Jede*r wie sie*er mag!

Eine andere Freundin versucht mich immer wieder zu Fetischpartys zu locken, wo ich auch durchaus Lust zu hätte. Aber oftmals stehen Zeit und Aufwand bzw. Finanzen für mich nicht im Verhältnis. Zudem brauche ich halt echt Sympathie mit ner Frau, um Lust auf mehr (was auch immer das heißen mag) zu bekommen. Da reicht ne enge Lederhose halt nicht aus… Und daher ist die Wahrscheinlichkeit eben auch gering, dass ich dort den Spaß hätte, den sie mir immer wieder schmackhaft machen möchte.

Wie bei den oben genannten Situationen auch, passt eben nicht jeder zu jedem, egal auf welcher Ebene. Nicht jeder schafft es das zuzulassen, was gerade vor der Tür steht und manches will man schlichtweg einfach auch nicht. Und all das ist auch vollkommen in Ordnung! Nur schafft es nicht jeder das auch so zu kommunizieren bzw. traut sich nicht… auch wenn es gerade das oftmals leichter machen könnte! Klare, ehrliche Kommunikation kann eben echt triggern (auch wehtun).

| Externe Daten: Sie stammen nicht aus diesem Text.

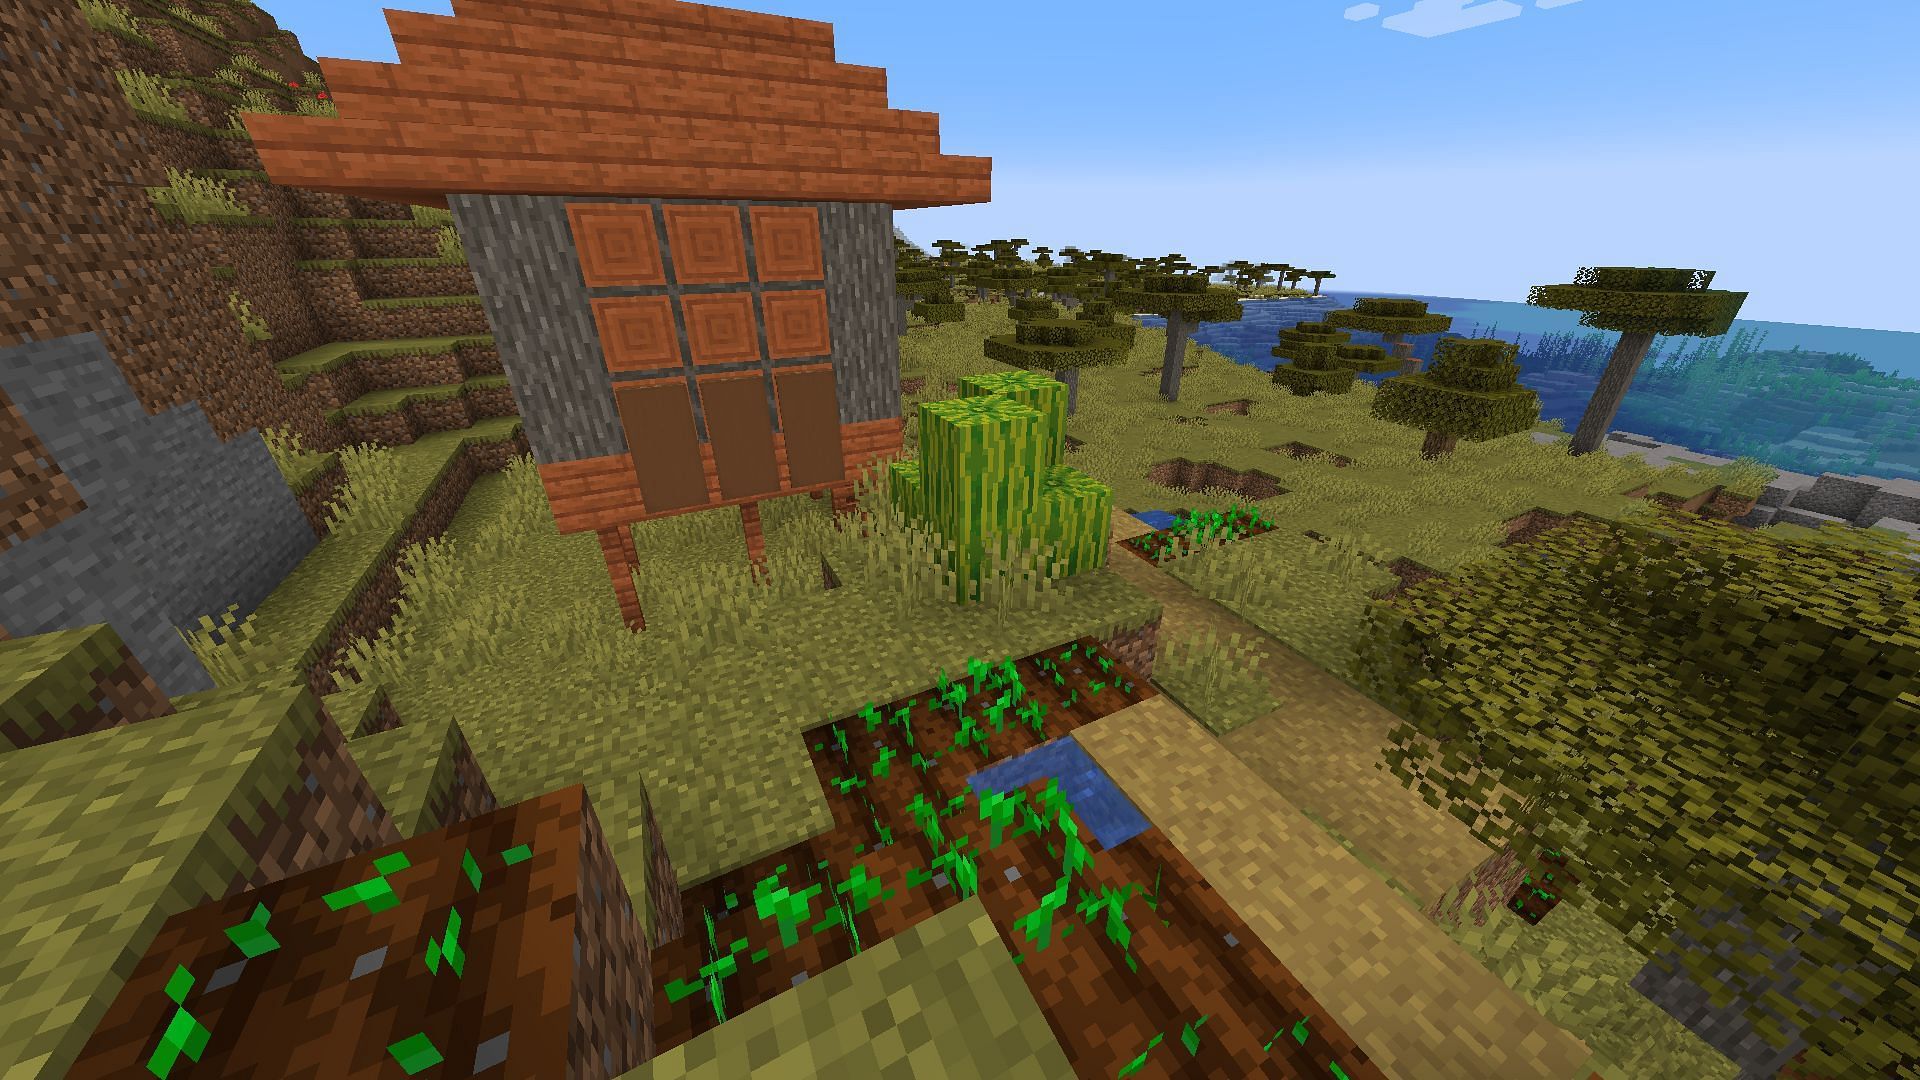 Growing in Savanna villages (Image via Minecraft)

Doch was sind all diese Formen des Miteinanders wirklich?

Für mich sind all diese Beziehungen und Beziehungsformen unterm Strich vor allem ein „Wir tun uns gerade gut!“ Egal auf welcher Ebene, über welchen Zeitraum, wie oft oder wie selten! Das ist die Grundlage, selbst wenn es Differenzen oder Trigger miteinander gibt!

Das was sein soll, wird sein. Das, was nicht sein soll, wird nicht sein… Das Leben ist eh schlauer als ich! Und es werden die Menschen in mein Leben treten, die einen Sinn für mich haben… 🙂

Inzwischen mache ich mir kaum noch Gedanken darüber wie man das, was da ist, betiteln oder beschreiben könnte. Ich versuche es einfach nur noch zu leben, was mir geschenkt wird zu leben! <3

 

Wie stehst du zu diesen Worten, diesen gesellschaftlichen Bedeutungen von Worten und Handlungen?